The gaming world has been doting on societal ruin and floating cars ever since, well, ever since the 60s but even more so since CD Projekt unveiled their demo of their upcoming open-world adventure, Cyberpunk 2077.
The cyberpunk theme and video games are a great match. You get super moody characters set in dark, brooding worlds with bright neon lights and lots of rain. And, unlike the movies, comic books and novels, you get to actually use all the funky technology we create at the cost of our humanity.
Cyberpunk 2077 is shaping up to be quite the experience and if you’ve seen the demo, its immediately apparent that this is going to sit with a very special group of games, but there are plenty of lower key titles bearing similar themes that deserve some attention. Two indie cyberpunk titles have launched on Kickstarter today and both look pretty interesting.
The first is [The Nothing] from solo developer Mathew R Walsh. On its campaign page it’s described as an “open-world, third-person cyberpunk RPG with an involved and dark story, 12 possible endings, flying cars, crafting, exploration.” It’s set in a dystopian Los Angeles in 2108 and is being made using the Unreal Engine. The game features gunplay, stealth mechanics, a cool hacking system whereby you actually build the tools using parts. It’s all very ambitious but you never know.
The story revolves around Dresden, a systems engineer at a mammoth corporation who trades all his wealth to save his mother, resulting in him being kicked out of the upper city to the underbelly of society. It’s inspired by the Walsh’s real life and focuses on the choices you make to save those you love.
It’s a little rough around the edges and they need the support to hire more people and fully realize the potential. At the moment they have Ron Wasserman onboard doing the music, who is known for his work on the original theme tune for Mighty Morphin Power Rangers as well as his work on X-Men: The Animated Series, Dragon Ball Z, SpongeBob and more.
The second is Retro Synthesis from Black Nest, described as “a tech-noire narrative game about being torn apart between obligations and conscience.” You play as Harrison Noels, a police detective who gets pulled into a complex and personal case soon after losing his wife. The game is set in the past, in 1999, but having followed a very different course following drastic climate changes.

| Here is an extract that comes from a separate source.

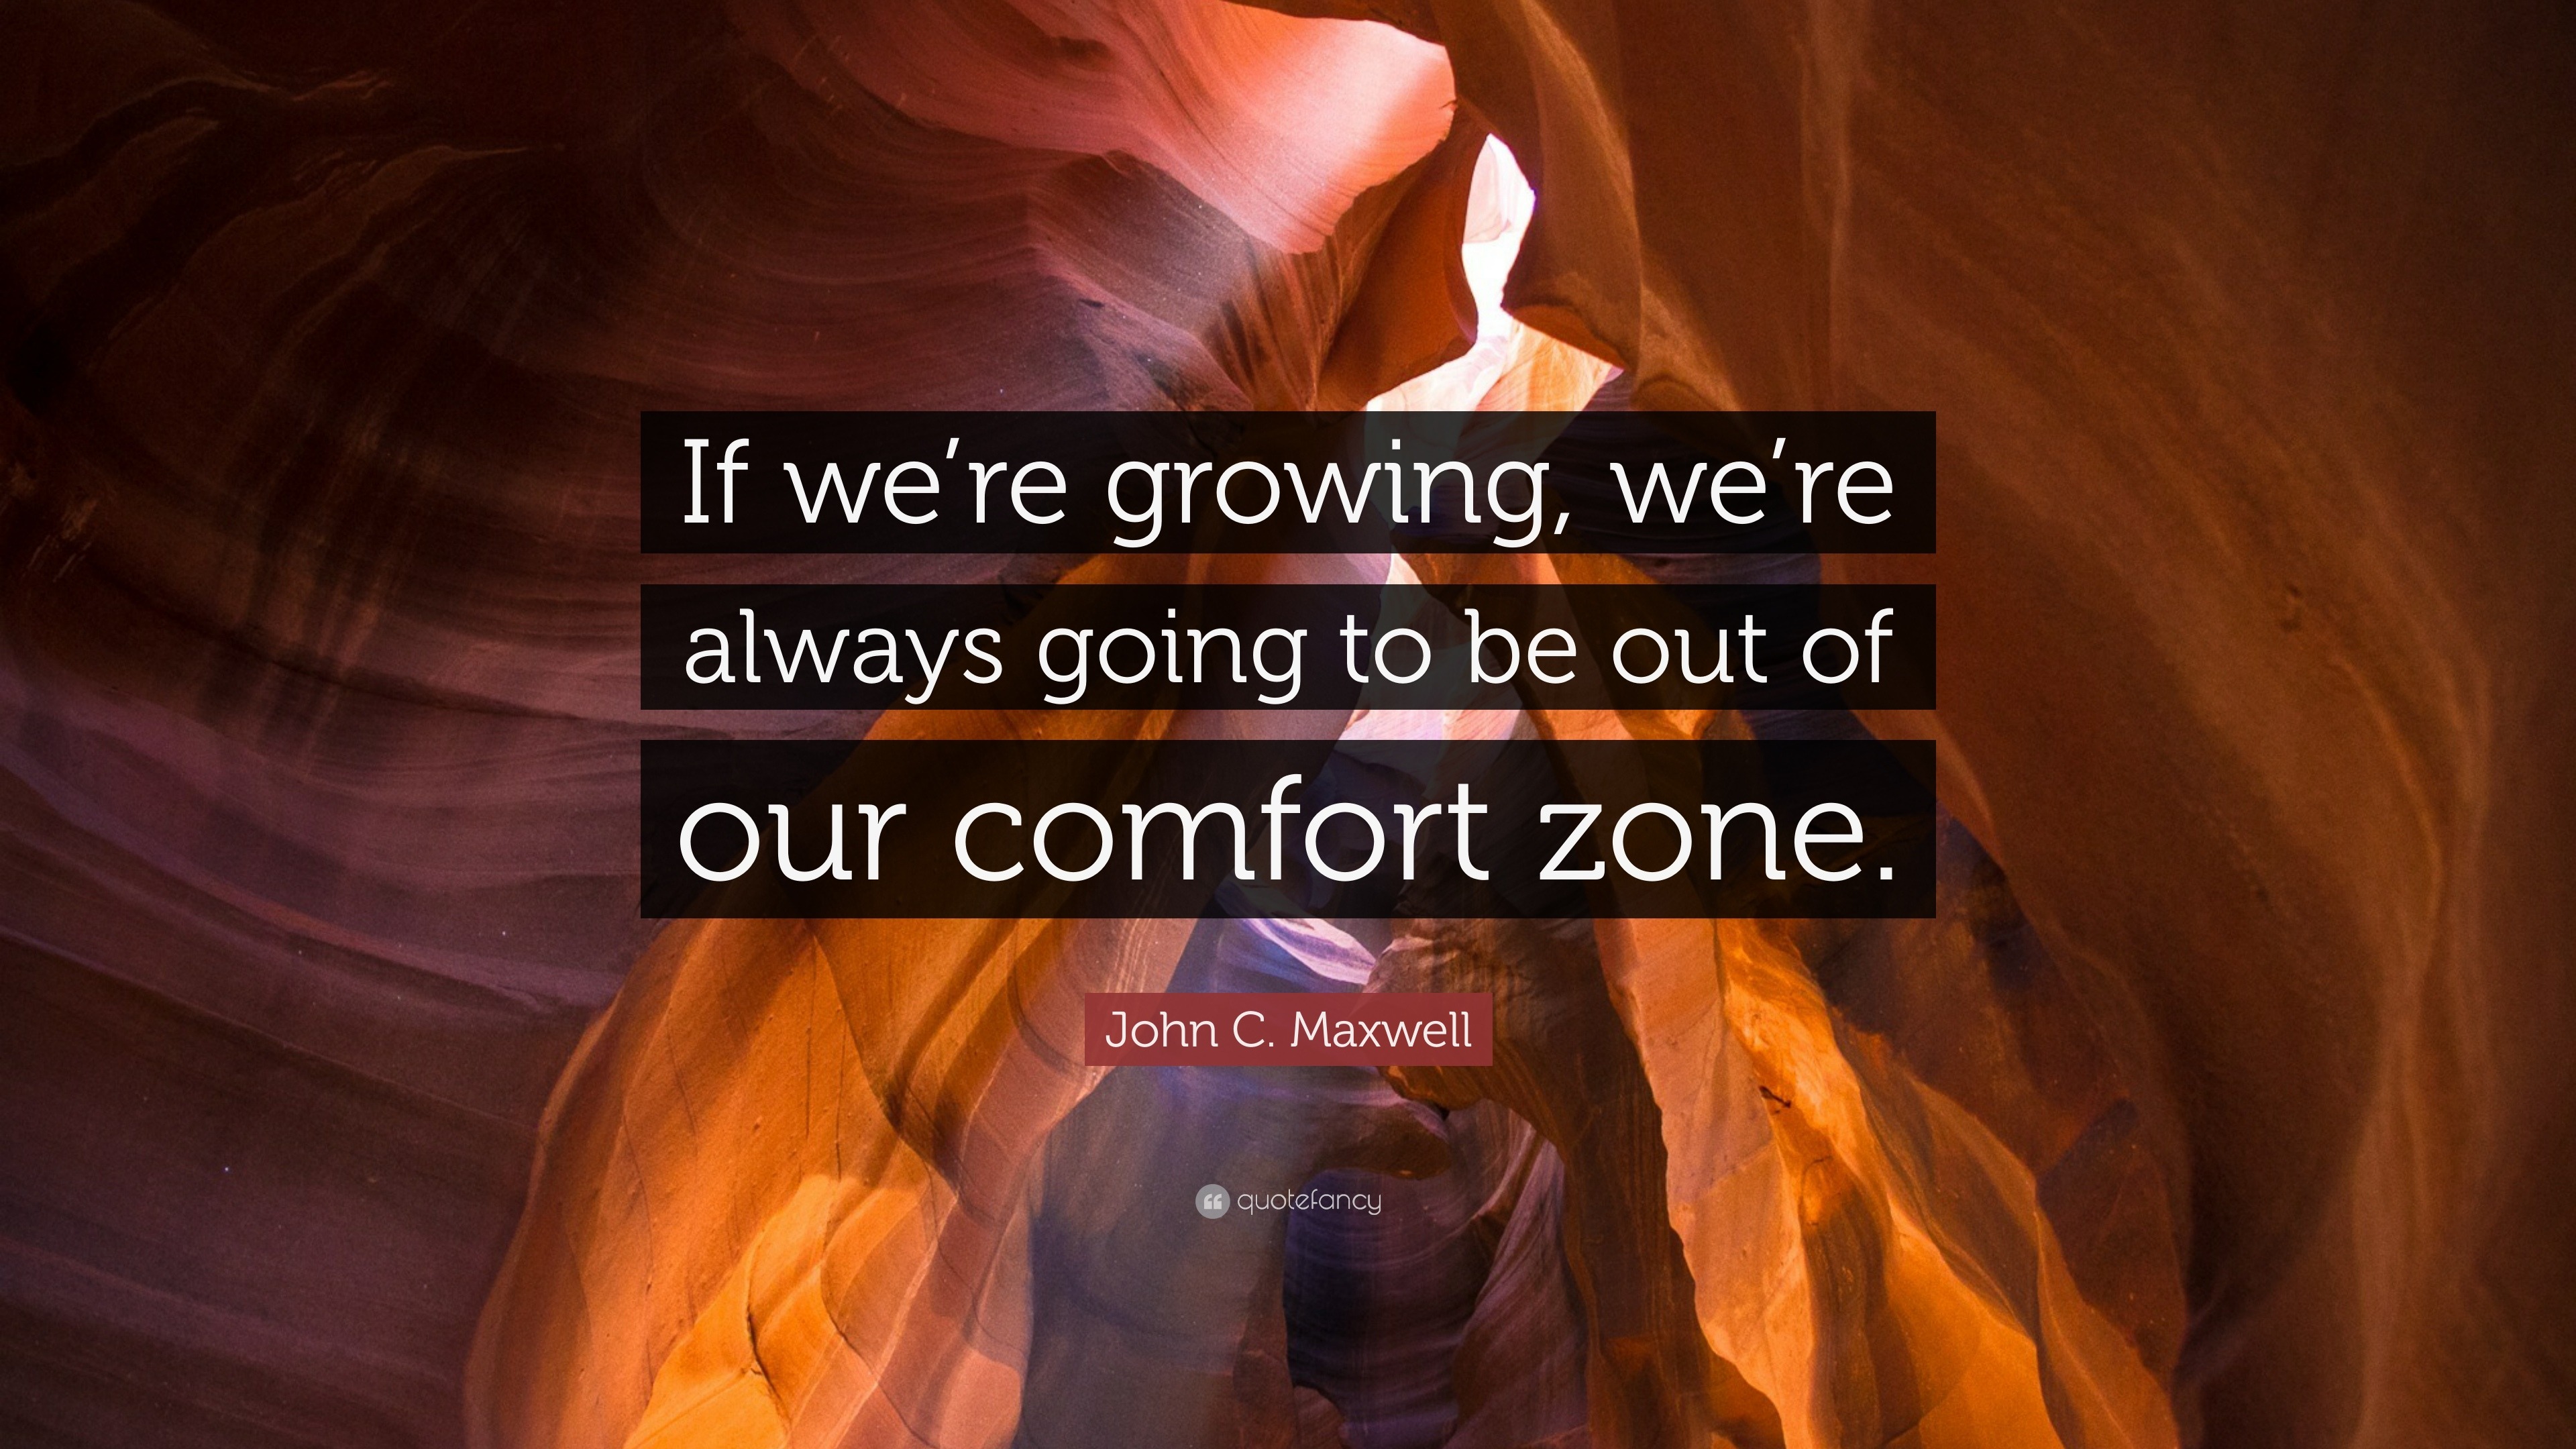 It's Not Always About Getting Out of Your Comfort Zone – Our Next

The game boasts a simplified dialogue system contextually based on how you’re feeling. Rather than responding with specific snippets of dialogue you choose your emotion and that elicits a response from the game. On paper that sounds alright but we know from games like Mass Effect how responding with things you didn’t mean to say, and have those affect the future can be frustrating.
The other interesting aspect of the game is its comic book style visuals, more akin to something like Ubisoft’s XIII than the photorealism of 2077. It makes the world look really colorful and really plays to that comic book page strength evoking a great sense of mood and place. The character models also look expressive and little touches like in-world labels etc. really work well. I love the look of this one.
Both titles have just launched, so you can find out more about them on their campaign pages. It’s exciting to have more and more cyberpunk in the world and it’s always interesting to see what the newcomers bring to the table following in the footsteps of CD Projekt, who themselves were pretty small fry before the success of their second game in the Witcher series.